Wish you a speedy recovery and rehab my friend.


----------



## gpwf20c (Jul 9, 2008)

That sucks a big one, good luck with surgery and get well soon! the cat fish needs catching.


----------



## Tracker01 (Apr 4, 2011)

Sorry to hear this. Get well soon Cat.


----------



## Manlystanley (Sep 22, 2010)

catman said:


> 2 yrs ago I had my left shoulder replaced and everything seemed fine. A few months ago it started giving me trouble again. Long story short - torn rotator cuff tendon - surgery to repair tendon May 5th - rehab 8 weeks. It's a bitch to get old.
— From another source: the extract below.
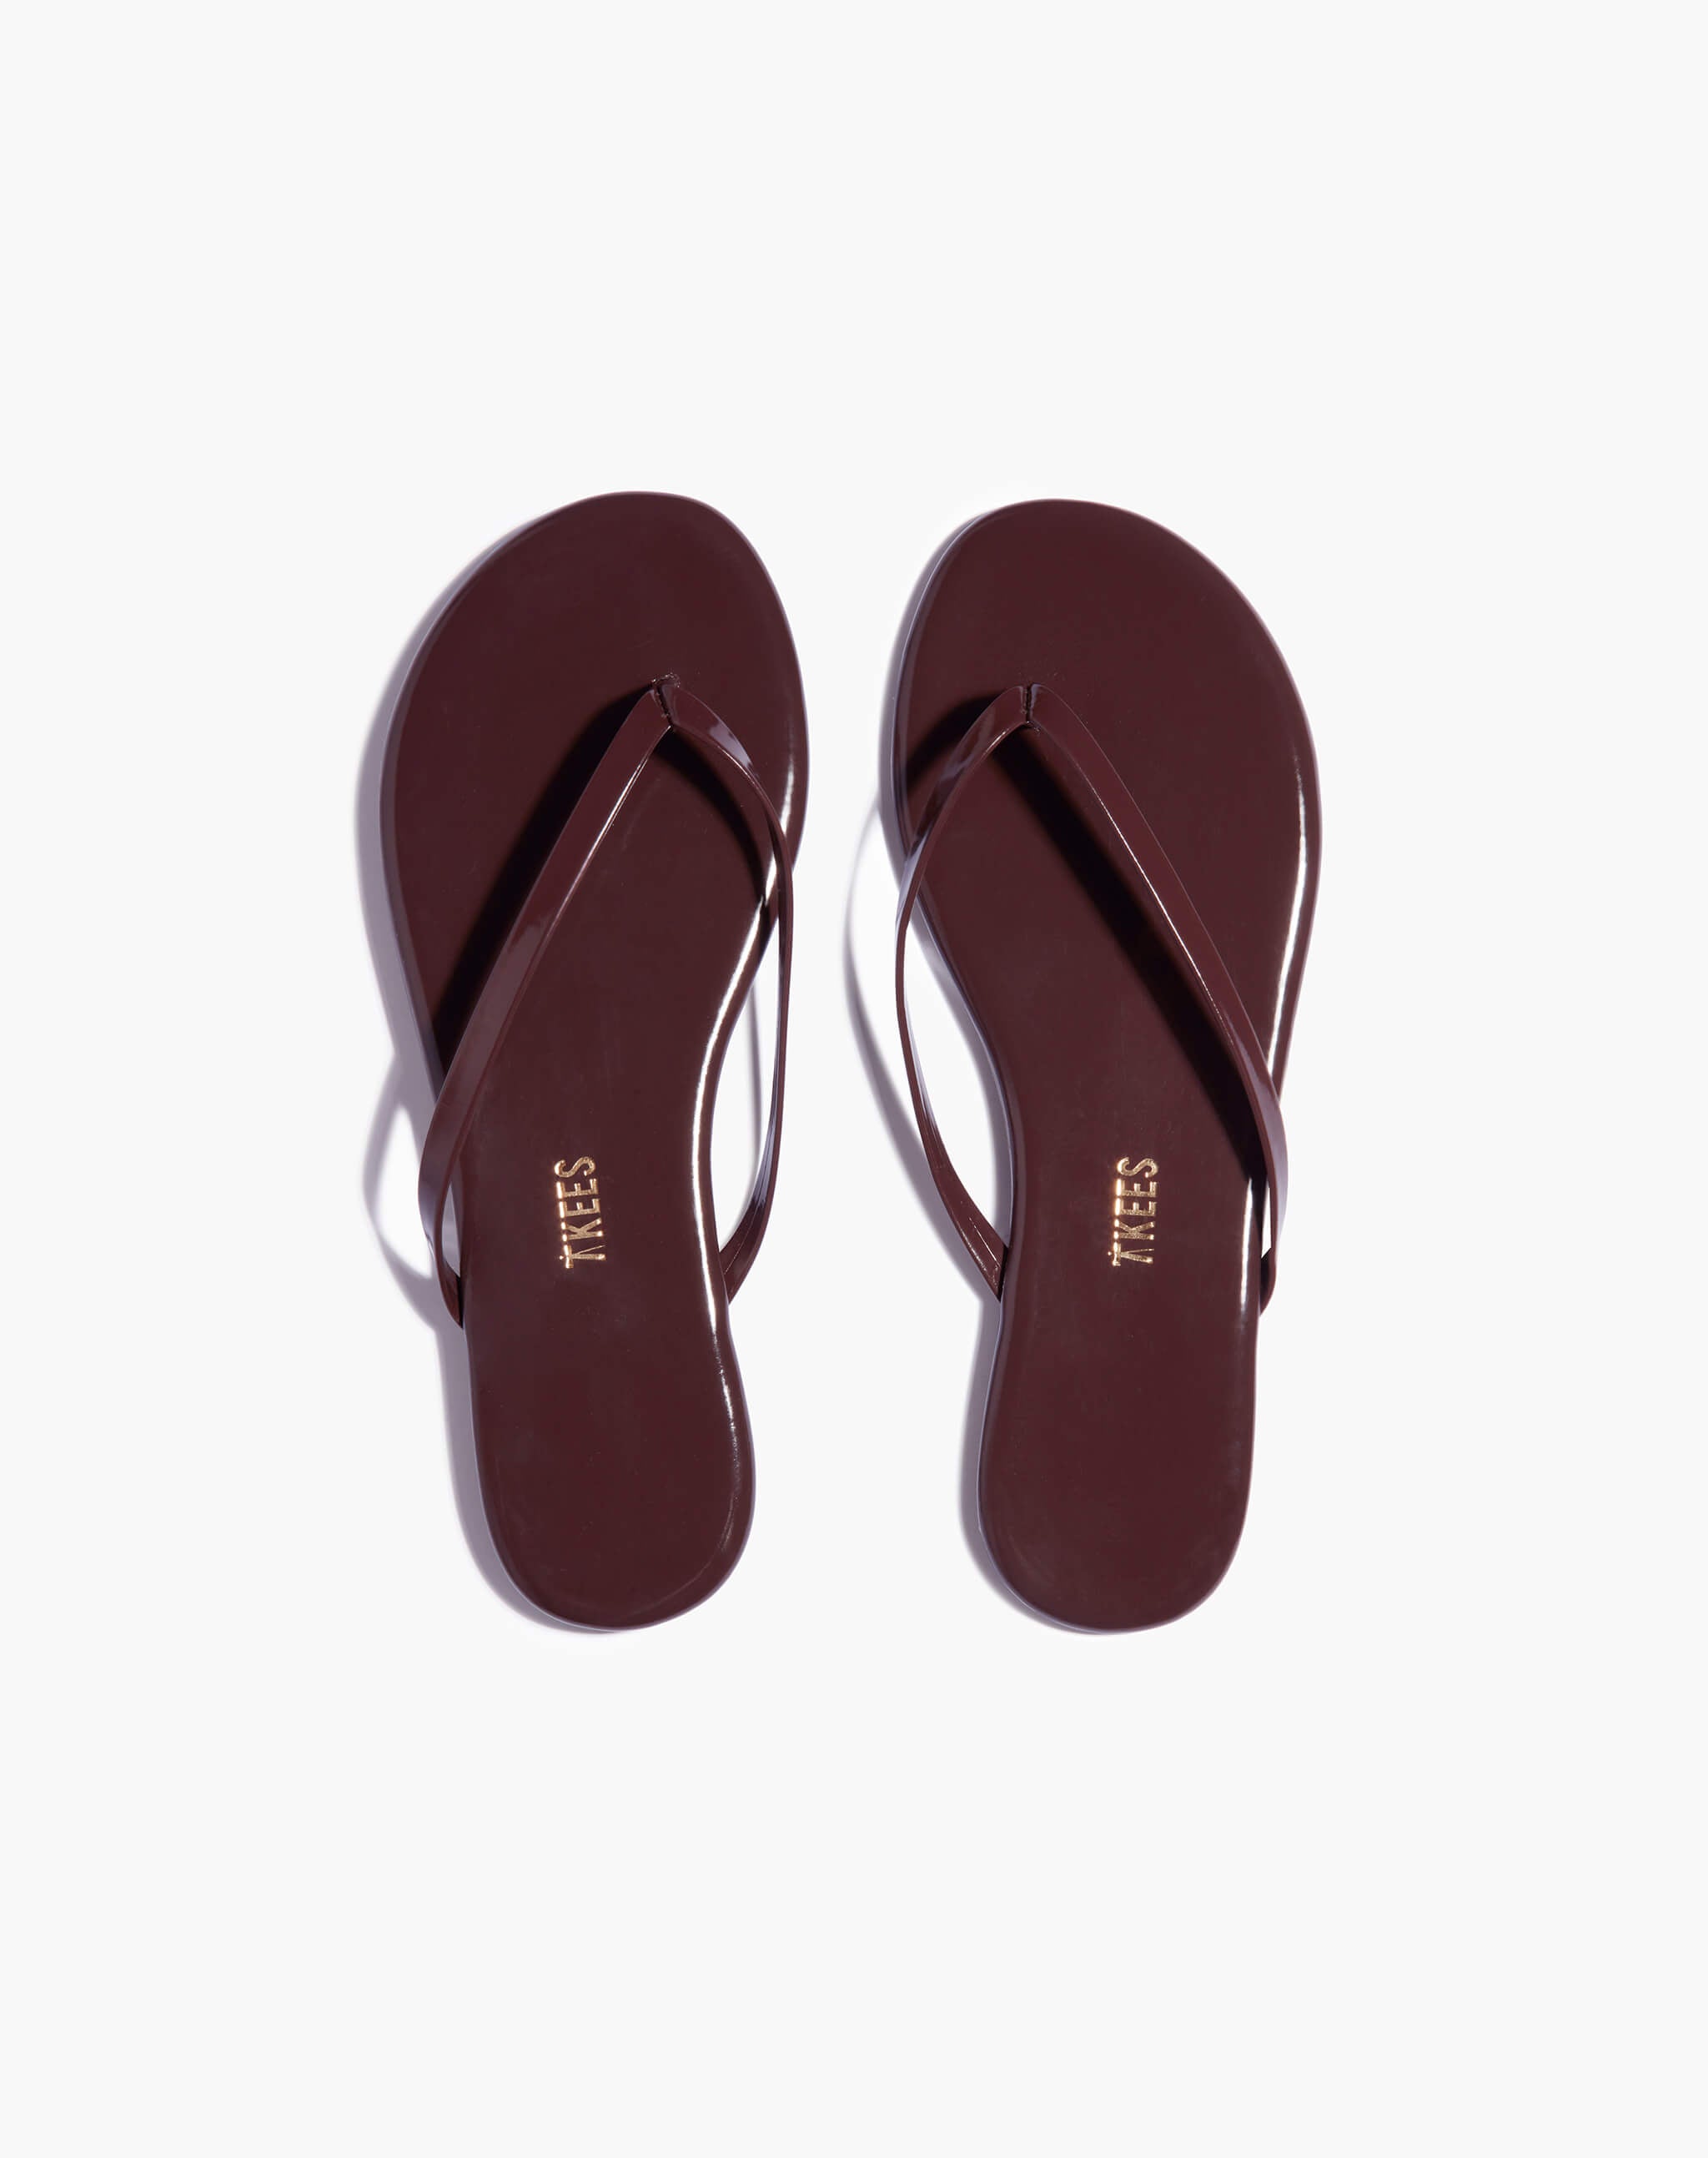 Lily Glosses in Glosses | Women's Sandals | TKEES – TKEES

Bummer catman. But hey, why don't you come out to SPSP next Tuesday. Just hang out with a couple guys and tell us what we are doing wrong..... 

We will provide dinner. Just the best for us and our friends: Dollar burger from McD's.

Look on the bright side. You could be like me. I bought this dog of a foreclosure in Brookeville MD. Found out the house was illegally built (e.g. built in a conservation easement), so needed to pay a ton of legal bills to fix it.

Then I remodeled the kitchen, bathrooms, moved the laundry room for the basement to the second floor, put in a movie room in the basement, etc, etc. This limited my fishing for 3 years. Now, I can't sell the darn thing--and keep lowering the price and still no takers.... So, hoping to break even on the stupid thing.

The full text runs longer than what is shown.